As electronic devices increasingly become portable, advances must be made to guarantee the safety and reliability of portable energy storage systems. The industry emphasis on portability and long use times has resulted in large increases in energy storage capacity and or power output rates, quantities that correspond to the magnitude of potential hazards if a cell should fail or be abused. Therefore it is of mounting importance to have quality control mechanisms for assembly and handling of the energy storage device.
Numerous different battery systems have been proposed for use in portable applications over the years. Among the earliest were primary (i.e., non-rechargeable) alkaline cells. Early rechargeable battery systems included lead acid, and nickel cadmium (NiCad), each of which has enjoyed considerable success in the market place. Lead acid batteries are preferred for applications in which ruggedness and durability are required and hence have been the choice of automotive and heavy industrial settings. Conversely, NiCad batteries have been preferred for smaller portable applications. More recently, nickel metal hydride systems (NiMH) have found increasing acceptance for both large and small applications. In order to achieve high current rates, e.g. for digital pulse electronics applications, a new class of cells is also now emerging, generally referred to as electrochemical capacitors (ECC).

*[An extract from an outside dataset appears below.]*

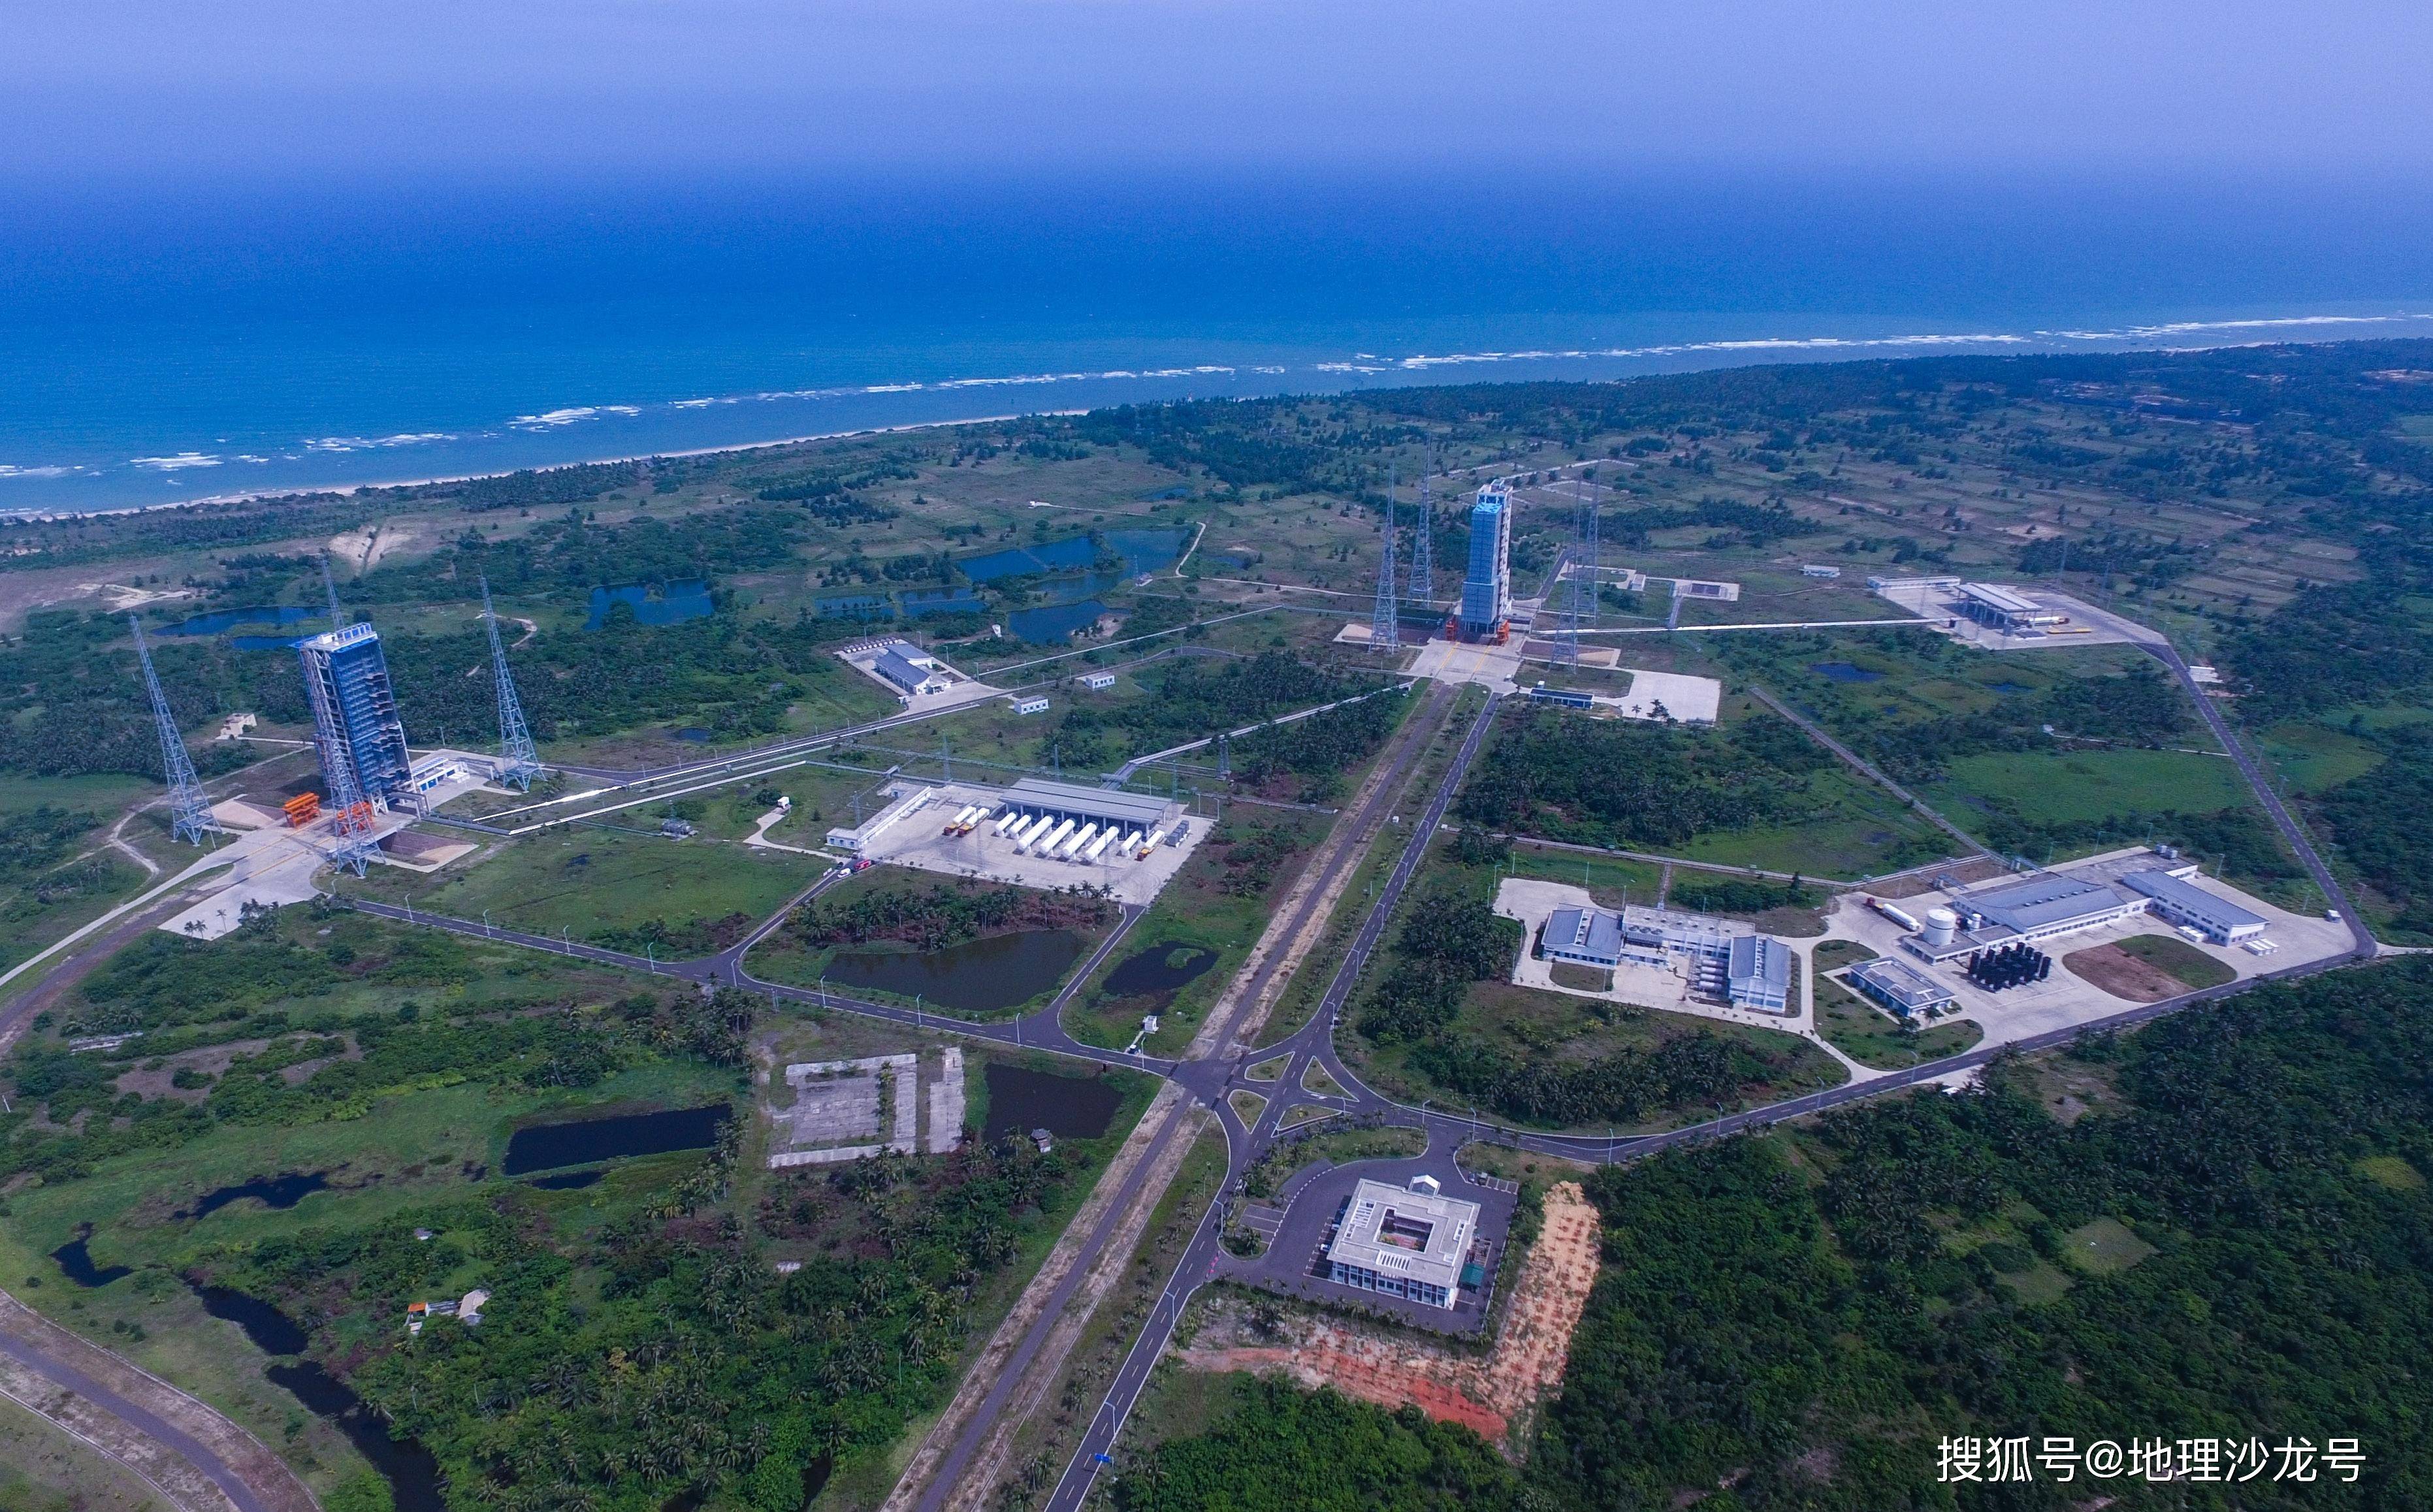 宁波商业航天发射中心图片

Higher voltage cell chemistries are evolving and finding a place in cell markets, the most prominent current example being lithium ion cells; these are for the most part non-aqueous. However, aqueous based systems such as lead acid, Nicad, NiMH, ECC, and primary alkaline cells continue to be popular among consumers. Cell manufacturers continue to look for ways to improve the quality of these aqueous based cells as well as more advanced cells, and to detect defective cells either during manufacturing or at later points. Leaks often correlate with a variety of internal cell malfunctions, including transient short circuits in cells, high self-discharge, corrosion of tabs and current collectors, failure to pass current, and in addition electrolyte frequently damage the electrical devices for which they were intended to provide power. Cells that have suffered substantial leaks often are coated with a powdery residue, comprised of base, acid, and or salt that had been dissolved in the leaked electrolyte solution. However, such deposits may also result from the leak of a neighboring cell. For many purposes visual observation of residues is considered a crude, time consuming, and somewhat unreliable test, and one would prefer to have a method that would determine immediately which, if any, cells in a lot had leaked.
Accordingly, there exists a need for improved means of indicating electrolyte leaks.